A number of features are renamed. In all cases, the old names remain available for backwards compatibility, but are deprecated.

  • Dropped support for Python 2 (minimum supported version is 3.6)

  • Dropped support for Django versions below 2.2

  • Renamed CommonInfoMixin and CommonInfoQuerySet to Auditable and AuditableQuerySet, respectively

  • Renamed ArchivableMixin to Archivable

  • Renamed VersioningMixin and VersioningQuerySet to Versionable and VersionableQuerySet, respectively

  • Renamed CommonInfoForm to AuditableForm

  • Renamed DJEM_COMMON_INFO_USER_REQUIRED_ON_SAVE setting to DJEM_AUDITABLE_USER_REQUIRED_ON_SAVE

  • Added UNDEFINED constant

  • Added Loggable for instance-based logging

  • Added OLPMixin for custom user models, to support advanced OLP-related functionality

  • Added MixableQuerySet mixin for custom QuerySet classes

  • Added DJEM_UNIVERSAL_OLP setting

  • Added DJEM_PERM_LOG_VERBOSITY setting

  • Added AuditableQuerySet create(), get_or_create(), and update_or_create() methods

  • Added ArchivableQuerySet archived() and unarchived() methods

  • Added ajax_login_required() decorator

  • Added UserSavable mixin for forms

  • Removed default implementations of _user_can_change_*() and _user_can_delete_*() on Auditable - this was far too specific a use-case to be the default

  • Removed ArchivableQuerySet’s archive() and unarchive() methods

  • Removed Archivable’s live and archived Managers

  • Removed explicit Manager classes for mixins

  • Moved custom QuerySet classes for mixins into djem.models.models

0.6.4 (2018-12-06)

  • Fixed setup.py to include include_package_data=True

0.6.3 (2018-12-06)

  • Updated MANIFEST.in to include the templates directory

0.6.2 (2018-03-25)

  • Fixed #2: Object level access now defaults open when no model method exists to define it explicitly

0.6.1 (2018-03-02)

  • Updated PyPi details

0.6 (2018-03-02)

  • Renamed project

  • Added csrfify_ajax template tag

  • Added paginate template tag

  • Added form_field and checkbox template tags

  • Added MessageMiddleware

  • Added MessagingRequestFactory

  • Added TemplateRendererMixin

  • Updated AjaxResponse to allow message strings marked as safe to skip being escaped

  • Moved AjaxResponse from djem.misc.AjaxResponse to djem.ajax.AjaxResponse.

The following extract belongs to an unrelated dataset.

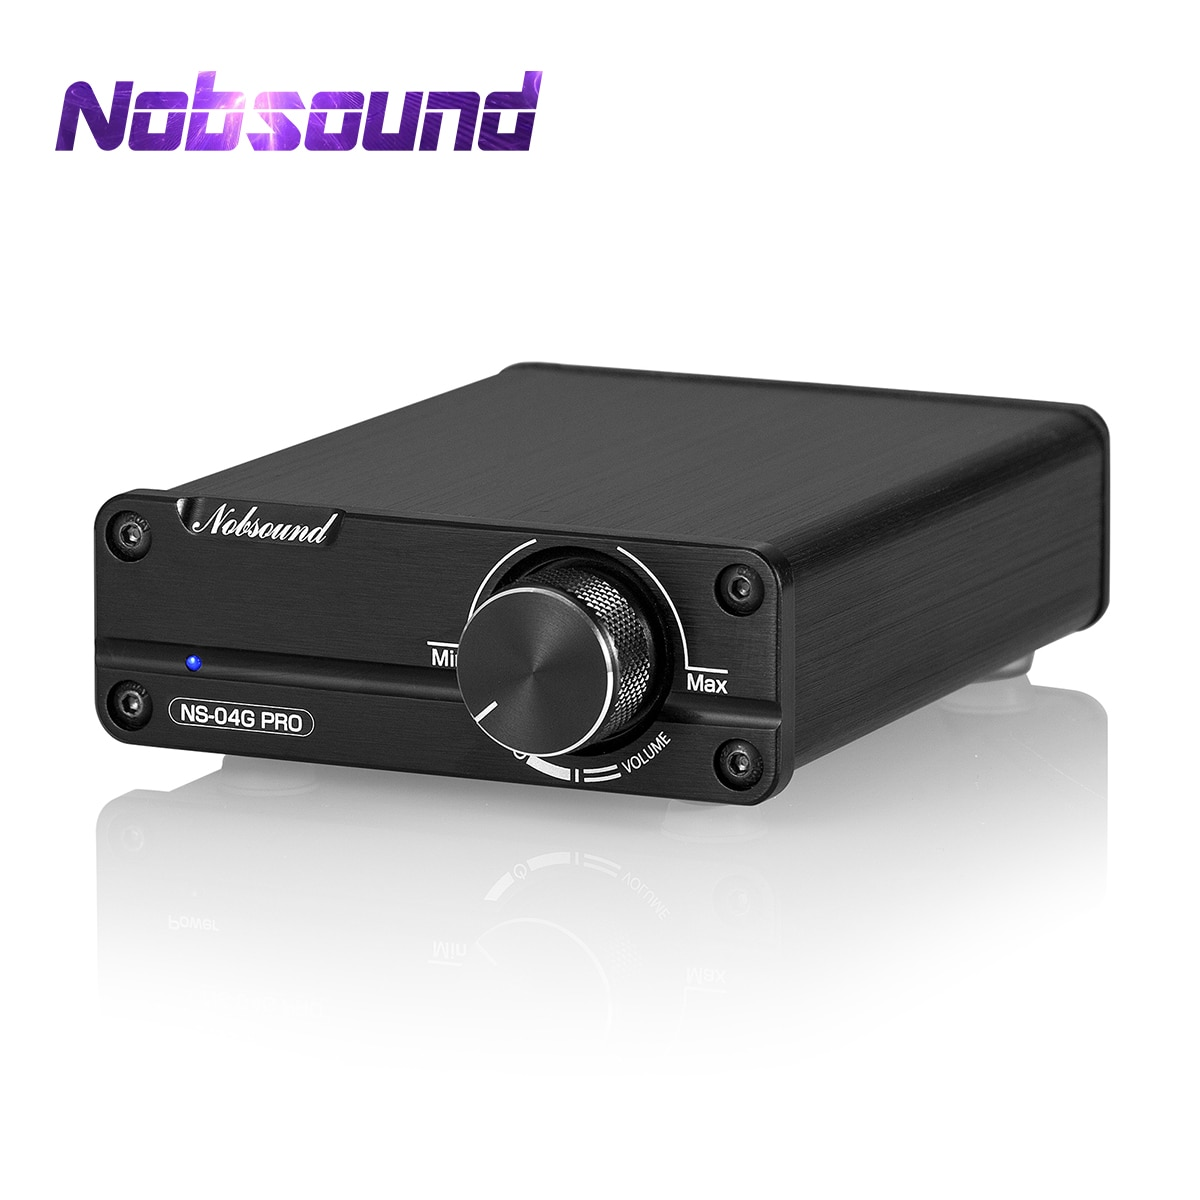 Nobsound-مضخم طاقة رقمي صغير ، مضخم صوت هاي فاي ، ستيريو ، 2.0 قناة ، فئة D ، صوت سطح المكتب المنزلي ، 50 واط ، 50 واط ، 100 واط 100 واط

Also removed shortcut import djem.AjaxResponse.

  • Moved get_page() from djem.misc.get_page to djem.pagination.get_page. Also removed shortcut import djem.get_page.

0.5 (unreleased)

Never released: project renaming took precedence. These features were released under 0.6, and the new project name, instead.

  • Added replacements for permission_required decorator and PermissionRequiredMixin that support object-level permissions

  • Added get_page() helper function

  • Added Table helper class

  • Added M and Mon helper classes for simple code performance debugging

  • Added mon() decorator as a shortcut for monitoring a function

  • Added inspection/prettyprint utilities for debugging

  • Added extensible Developer class as a home for shortcuts to common user-based operations useful to developers

0.4.3 (2016-09-17)

  • Added authenticate() method to ObjectPermissionsBackend, fixing a bug where it broke authentication if a user’s credentials were not authenticated by earlier backends

0.4.2 (2016-06-21)

  • Fixed missing commits under 0.4.1 tag

0.4.1 (2016-06-21)

  • Fixed documentation build issues on readthedocs.org

0.4 (2016-06-21)

  • Added AjaxResponse

  • Added GOODIES_COMMON_INFO_REQUIRE_USER_ON_SAVE setting

  • Added object-level permission support (ObjectPermissionsBackend, ifperm and ifnotperm template tags)

  • Updated CommonInfoMixin to provide default object-level permissions for subclasses, based on ownership

0.3 (2016-03-19)

  • Added TimeZoneField/TimeZoneHelper

  • Cleaned code as per isort and flake8

Pre-0.3

  • CommonInfoMixin, with associated manager and queryset

  • ArchivableMixin, with associated manager and queryset

  • VersioningMixin, with associated manager and queryset

  • StaticAbstract parent model, with associated manager and queryset

  • CommonInfoForm for ModelForms based on CommonInfoMixin models

License

Djem is released under the BSD license.